Title:
Failure Analysis of Reinforcing Semi-Grouted Sleeve Node Connection
Author(s):
Jingshuang Zhang, Ruihan Qin, Fei Lv, Yonghua Shu, and Yanqing Wu
Publication:
Structural Journal
Volume:
121
Issue:
5
Appears on pages(s):
99-108
Keywords:
bearing capacity; grout material; reinforcement connection; semi-grouted sleeve; stress-strain; uniaxial tension
DOI:
10.14359/51740856
Date:
9/1/2024
Abstract:
In this paper, uniaxial tensile testing of semi-grouted sleeve
connectors was carried out by controlling the amount of expansive
agent in the grout material. The effects of different steel bar diameters and anchorage depths on the failure mode, bearing capacity, and surface strain of sleeve connectors were studied.

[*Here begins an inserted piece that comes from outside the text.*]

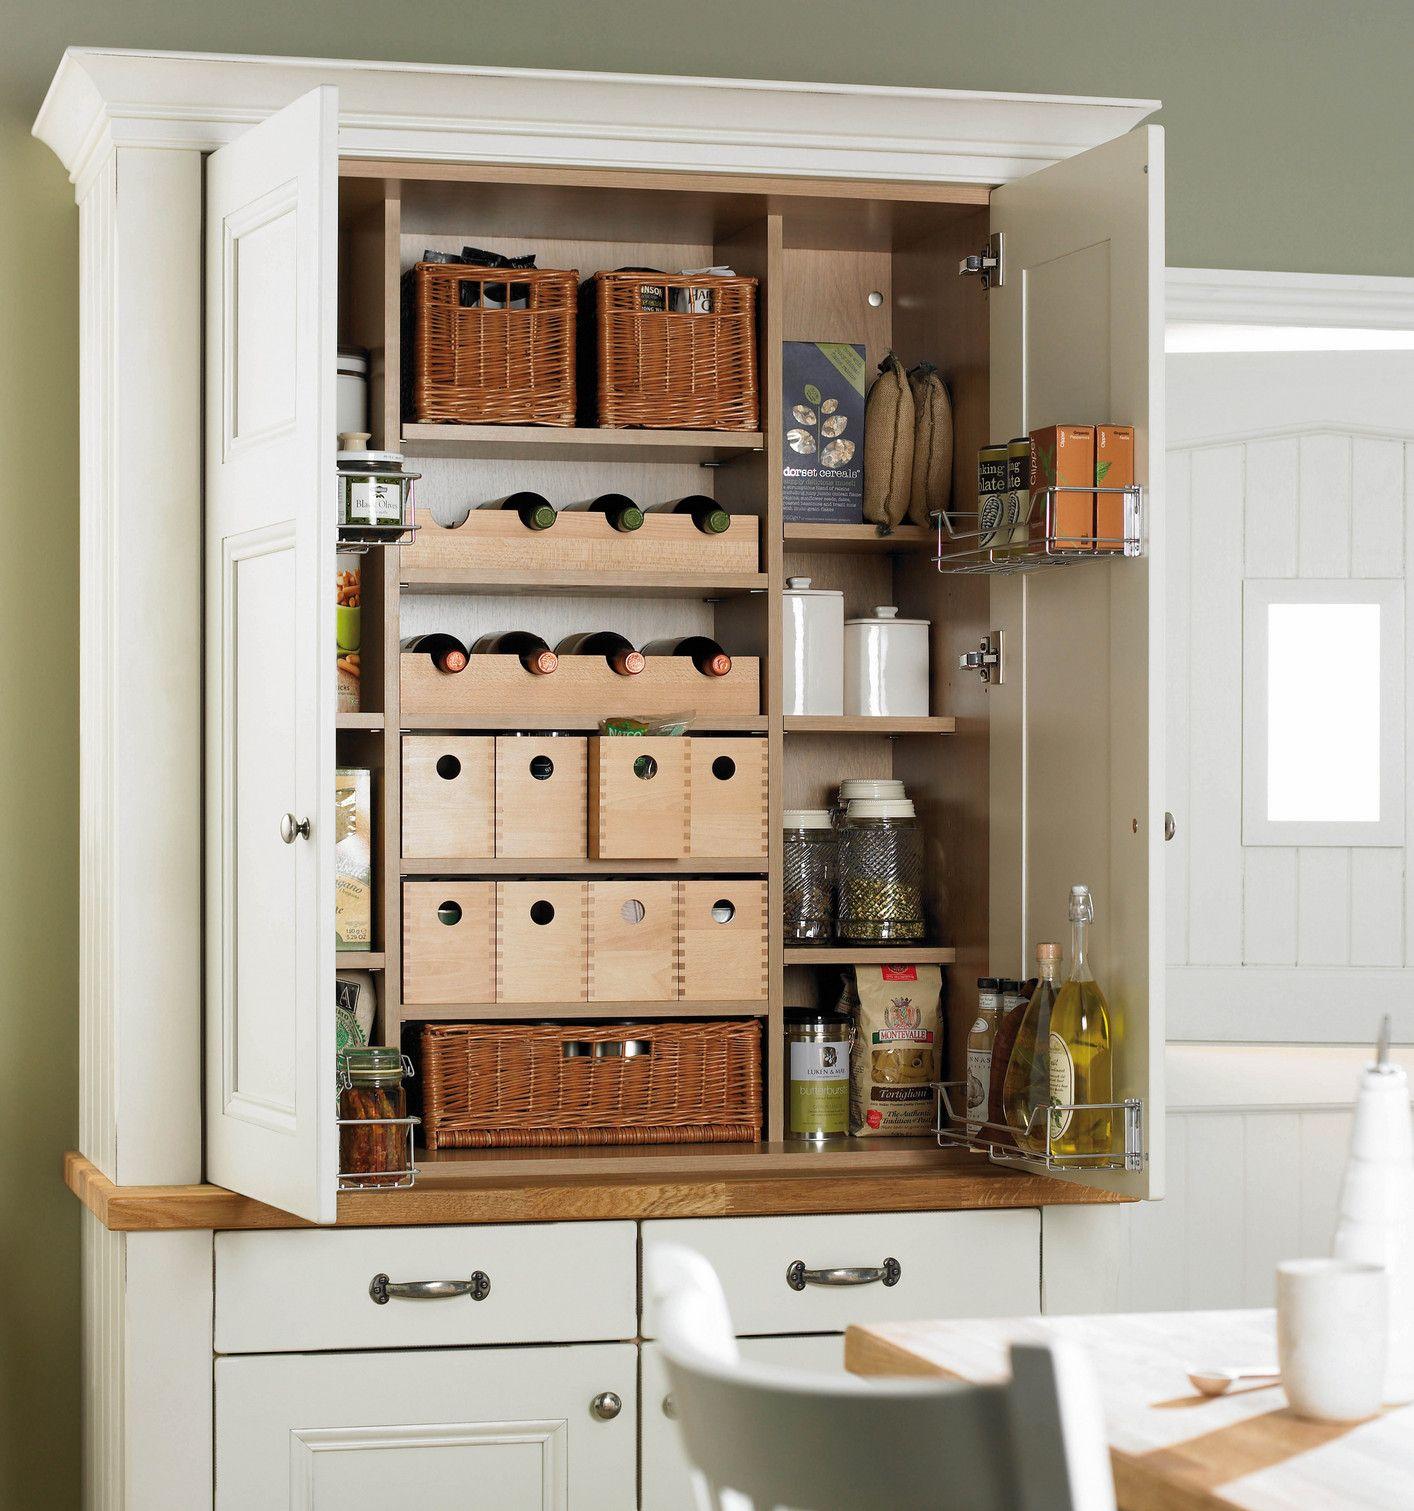 Freestanding White Kitchen Shelves
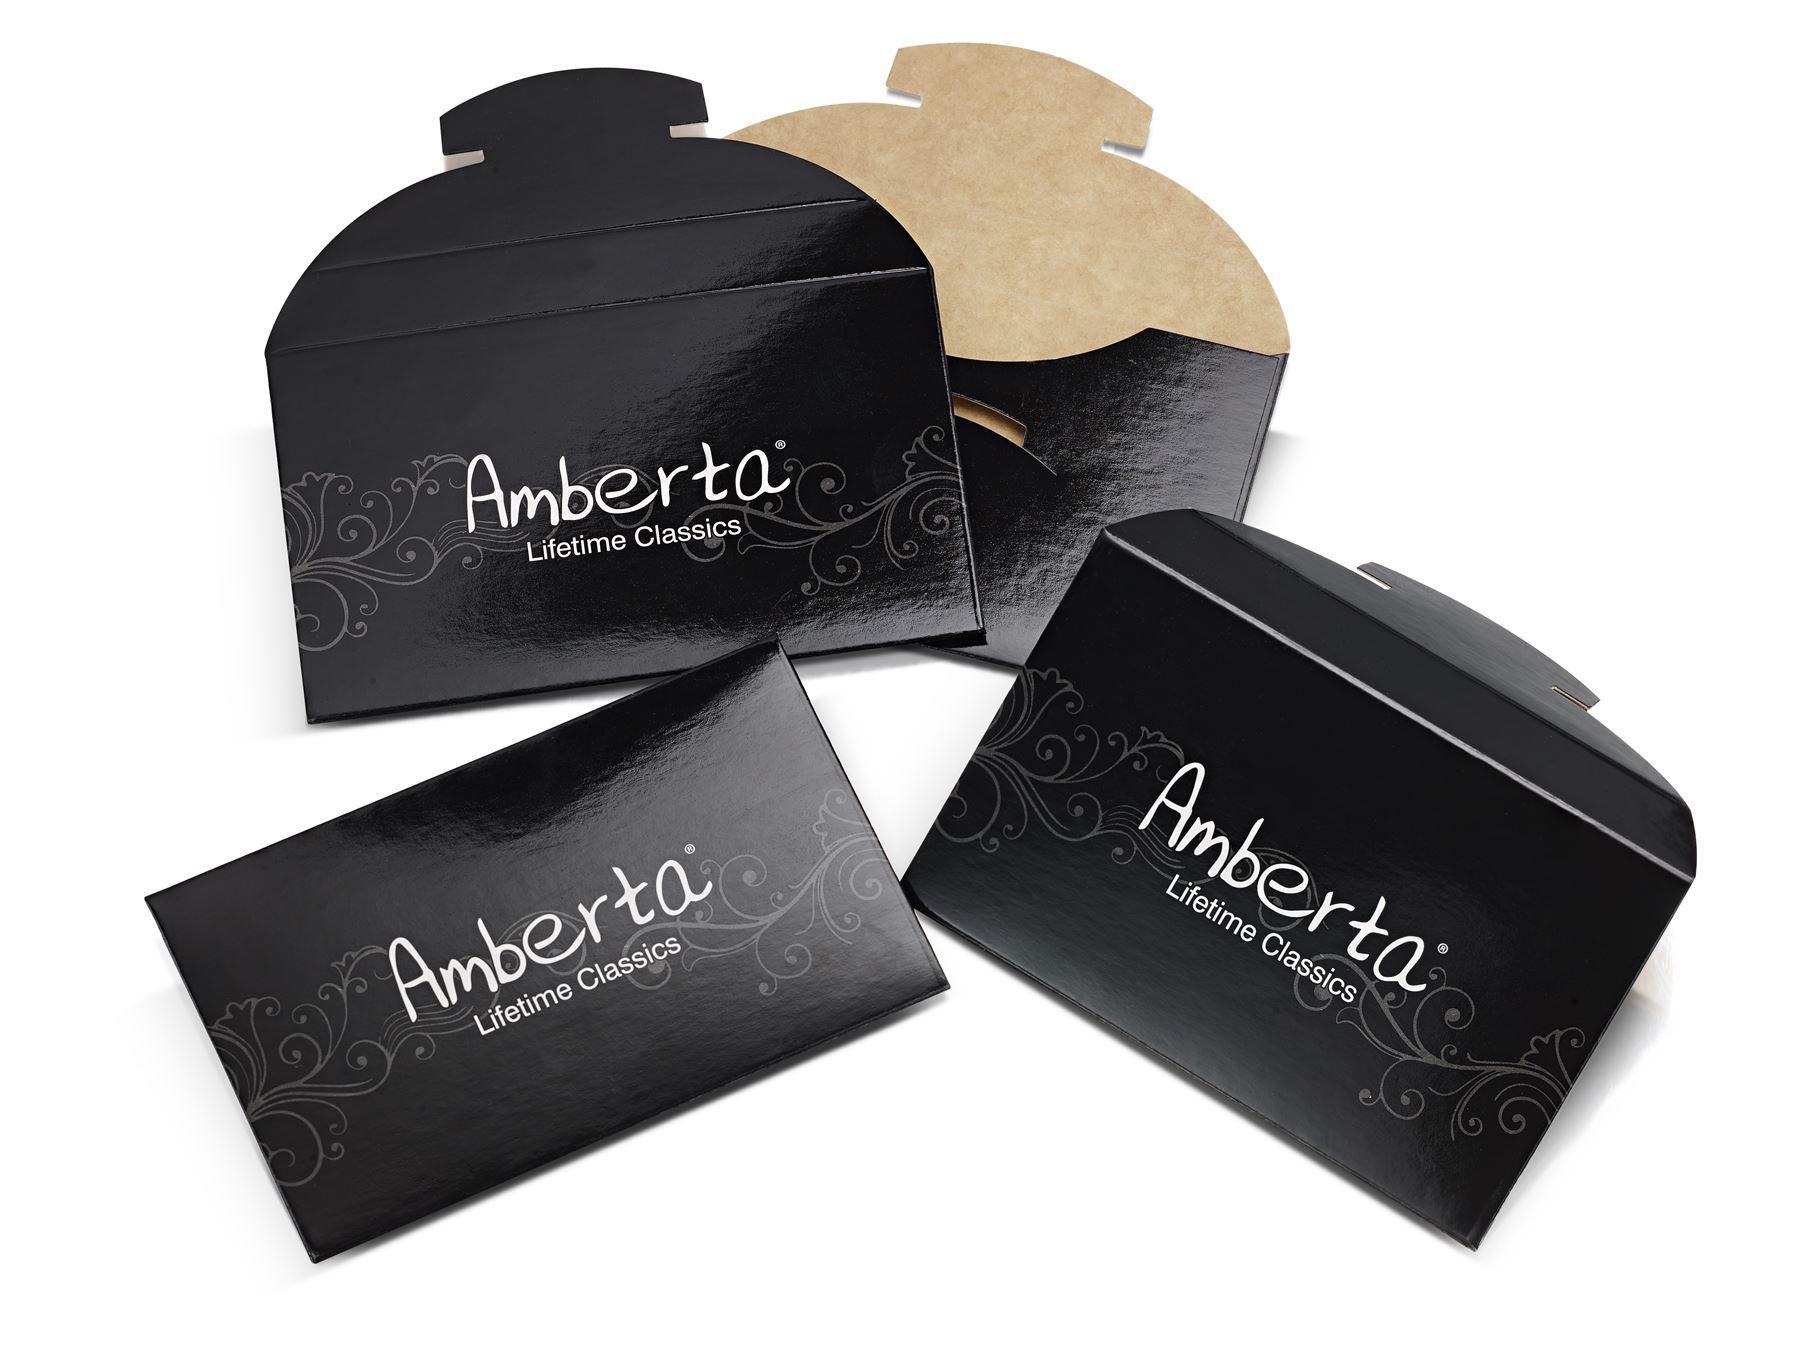 Amberta-Bijoux-Bracelet-en-Vrai-Argent-Sterling-925-Chaine-pour-Femme-a-la-Mode thumbnail 94

It is found that there are three failure modes in the specimens—namely, steel bar pullout failure, steel bar slip failure, and screw thread failure. The expansion characteristics of the grout material can partially compensate for the lack of compressive strength. Based on the analysis of the ultimate bearing capacity of different specimens, a design method to prevent the slip failure of the semi-grouted sleeve is proposed. The addition of 5 to 11% expansive admixture can
reduce the circumferential strain of the casing from the steel bar
anchorage location to the grouting end by 28.57 to 125.30%, with
no impact on the longitudinal strain variation pattern. As the depth
of steel bar anchorage increases, the expansive effect of the steel
bar anchorage and casing longitudinal strain gradually surpasses
the shrinkage effect, while the shrinkage effect at the grouting
end of the casing gradually outweighs the expansive effect. With
an increase in steel bar diameter, the longitudinal strain at the
grouting end of the casing only decreases by 1.75% and 2.10%,
essentially having no significant impact.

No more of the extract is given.